• [WORK TO COMPLETE]: Find "Rifle De Airsoft" in the records that follow; print that line and each subsequent line through the last one, verbatim and with nothing added.

• [WORKING DATA]:
━━━━━━━━
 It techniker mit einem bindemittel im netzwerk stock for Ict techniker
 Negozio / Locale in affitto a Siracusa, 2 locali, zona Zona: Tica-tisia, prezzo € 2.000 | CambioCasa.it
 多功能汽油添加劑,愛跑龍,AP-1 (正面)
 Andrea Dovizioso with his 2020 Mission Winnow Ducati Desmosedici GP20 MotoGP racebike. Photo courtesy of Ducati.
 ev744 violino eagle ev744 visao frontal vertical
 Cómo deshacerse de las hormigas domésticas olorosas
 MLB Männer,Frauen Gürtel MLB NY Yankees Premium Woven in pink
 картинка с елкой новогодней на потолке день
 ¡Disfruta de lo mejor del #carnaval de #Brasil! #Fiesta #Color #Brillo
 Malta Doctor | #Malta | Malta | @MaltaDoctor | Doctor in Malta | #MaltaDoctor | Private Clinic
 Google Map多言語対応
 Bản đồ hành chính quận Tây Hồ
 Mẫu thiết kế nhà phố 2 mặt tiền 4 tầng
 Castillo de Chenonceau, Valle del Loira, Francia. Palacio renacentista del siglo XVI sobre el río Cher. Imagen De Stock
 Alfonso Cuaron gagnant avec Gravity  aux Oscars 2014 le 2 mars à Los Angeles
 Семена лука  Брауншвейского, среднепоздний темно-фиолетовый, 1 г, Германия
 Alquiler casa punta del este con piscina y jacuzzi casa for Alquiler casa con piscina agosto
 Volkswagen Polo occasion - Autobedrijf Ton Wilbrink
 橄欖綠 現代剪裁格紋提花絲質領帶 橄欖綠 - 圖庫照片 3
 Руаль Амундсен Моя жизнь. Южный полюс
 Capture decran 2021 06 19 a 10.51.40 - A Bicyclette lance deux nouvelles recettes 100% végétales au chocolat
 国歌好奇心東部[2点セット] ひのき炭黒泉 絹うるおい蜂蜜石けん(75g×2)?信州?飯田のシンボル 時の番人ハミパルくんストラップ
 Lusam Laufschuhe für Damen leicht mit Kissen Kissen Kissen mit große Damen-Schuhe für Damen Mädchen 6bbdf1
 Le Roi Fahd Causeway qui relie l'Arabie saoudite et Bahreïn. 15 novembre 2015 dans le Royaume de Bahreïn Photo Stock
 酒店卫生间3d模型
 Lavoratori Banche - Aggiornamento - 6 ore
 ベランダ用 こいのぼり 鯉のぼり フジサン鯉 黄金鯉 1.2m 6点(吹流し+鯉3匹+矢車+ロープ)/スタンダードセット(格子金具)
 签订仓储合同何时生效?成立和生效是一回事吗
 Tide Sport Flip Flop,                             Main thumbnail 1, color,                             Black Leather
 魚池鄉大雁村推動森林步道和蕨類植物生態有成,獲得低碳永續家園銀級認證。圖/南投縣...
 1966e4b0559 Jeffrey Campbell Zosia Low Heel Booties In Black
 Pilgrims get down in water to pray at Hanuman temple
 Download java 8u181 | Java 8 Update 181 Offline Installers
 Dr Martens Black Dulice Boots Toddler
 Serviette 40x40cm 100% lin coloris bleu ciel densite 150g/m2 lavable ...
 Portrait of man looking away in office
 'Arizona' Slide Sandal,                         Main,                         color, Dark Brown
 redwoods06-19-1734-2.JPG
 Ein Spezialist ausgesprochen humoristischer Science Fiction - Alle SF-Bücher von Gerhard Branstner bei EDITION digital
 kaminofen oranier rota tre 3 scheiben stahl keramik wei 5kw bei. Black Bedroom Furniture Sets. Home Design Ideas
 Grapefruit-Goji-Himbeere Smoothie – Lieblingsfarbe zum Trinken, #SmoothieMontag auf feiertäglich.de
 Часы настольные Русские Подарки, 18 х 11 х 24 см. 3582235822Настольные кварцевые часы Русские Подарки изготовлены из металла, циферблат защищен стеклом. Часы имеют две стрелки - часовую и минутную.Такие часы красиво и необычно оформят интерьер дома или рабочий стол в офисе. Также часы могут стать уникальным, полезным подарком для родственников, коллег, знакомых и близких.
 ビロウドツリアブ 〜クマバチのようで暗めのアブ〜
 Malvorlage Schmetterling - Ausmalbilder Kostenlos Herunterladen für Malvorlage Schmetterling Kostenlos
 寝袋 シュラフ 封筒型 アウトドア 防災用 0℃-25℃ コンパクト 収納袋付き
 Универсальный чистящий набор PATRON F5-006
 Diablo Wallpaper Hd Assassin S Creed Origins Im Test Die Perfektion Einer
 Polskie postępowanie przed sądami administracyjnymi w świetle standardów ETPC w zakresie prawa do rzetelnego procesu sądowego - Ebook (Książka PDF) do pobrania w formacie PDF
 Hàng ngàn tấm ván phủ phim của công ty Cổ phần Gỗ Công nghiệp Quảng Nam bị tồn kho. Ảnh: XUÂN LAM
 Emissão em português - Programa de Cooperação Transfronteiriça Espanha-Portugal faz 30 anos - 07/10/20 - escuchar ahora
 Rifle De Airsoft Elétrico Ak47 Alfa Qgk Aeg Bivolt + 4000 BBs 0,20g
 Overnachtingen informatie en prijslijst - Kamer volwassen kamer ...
━━━━━━━━
• [SOLUTION TO THIS TASK]:
 Rifle De Airsoft Elétrico Ak47 Alfa Qgk Aeg Bivolt + 4000 BBs 0,20g
 Overnachtingen informatie en prijslijst - Kamer volwassen kamer ...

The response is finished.